# Bildschirm richtig einstellen ?



## Xeal87 (31. Januar 2004)

Hallo. Ich habe das gefühl, dass mein bildschirm von der Helligkeit nicht richtig eingestellt ist. Wie kann ich ihn richtig einstellen, damit alle farben korrekt angezeigt werden ?


----------



## Leugim (31. Januar 2004)

poah das will ich auch wissen....
kann es sein dass Monitore irgendwie "nachdunkeln" das heißt so nach 5 jahren oder so an leuchtkraft und farbechtheit einbüßen
Wie kann man sowas berichtigen?


----------



## da_Dj (31. Januar 2004)

[OffTopic] Nach 5 Jahren würd' ich mir 'n neuen Monitor kaufen ... [/OffTopic] 

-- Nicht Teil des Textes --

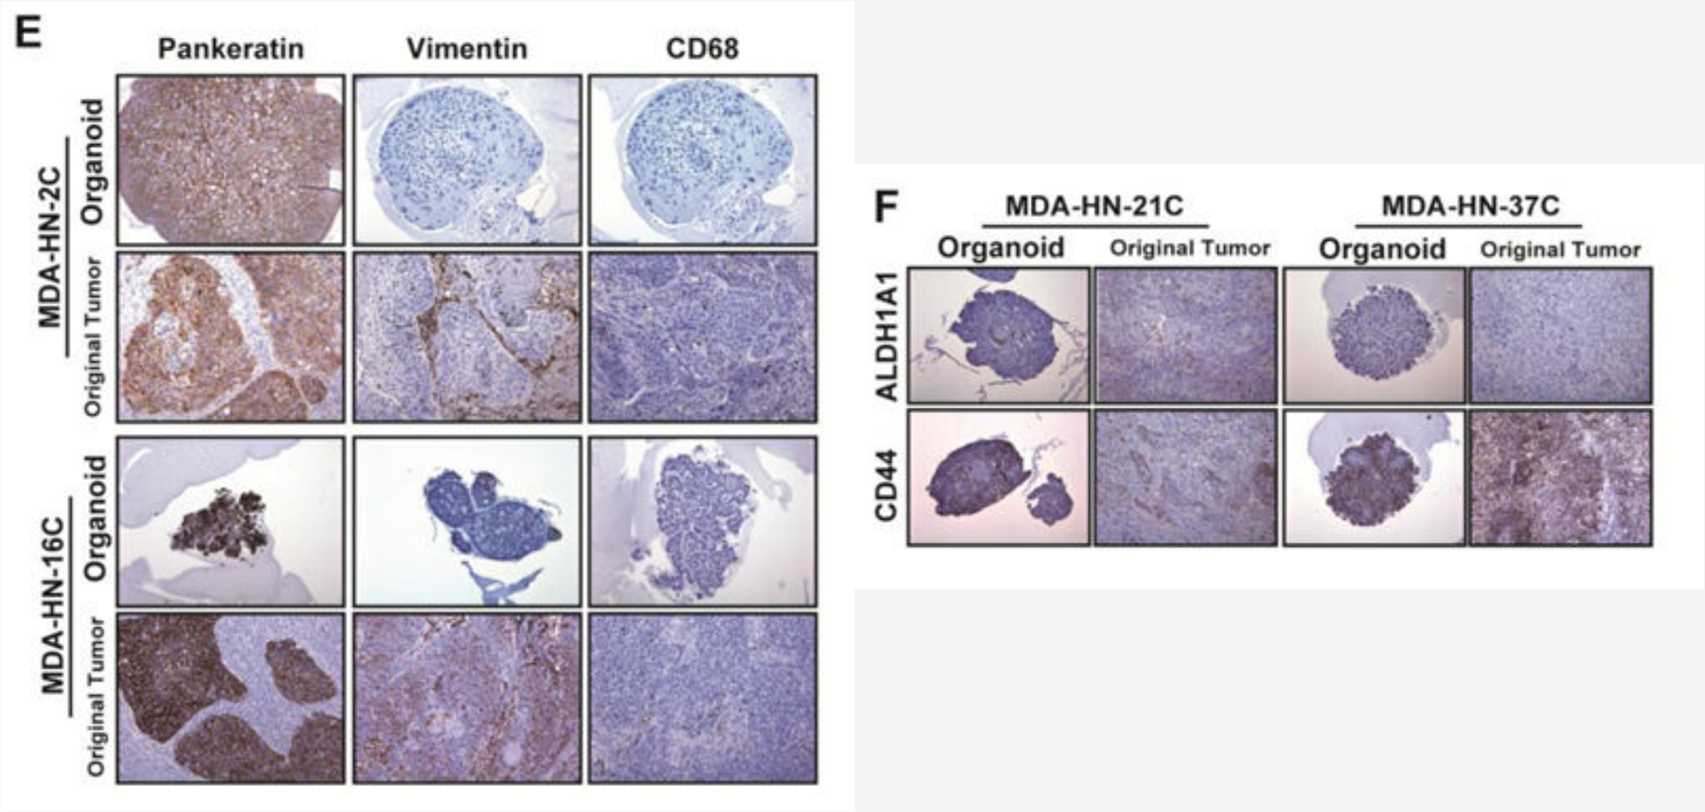 Organoids and original tumors are tested for specific cell populations using IHC staining.

Ich glaub es gibt ein Kalibrierungstool, bin mir aber nicht sicher, am besten Farbbuch mit Farbtabelle und das mal mit dem Monitorbild vergleichen, dann siehste ja obs dunkler/heller ist ...


----------



## Leugim (31. Januar 2004)

*hm*

hilft mir jetzt aber auch nicht weiter und Masaker wohl auch nicht, da wir beide eher nach einer eventuell vorhandenen Möglichkeit fragten, genau diese schon eigenständig von uns festgestellte Farbabweichung zu beheben... dennoch danke


----------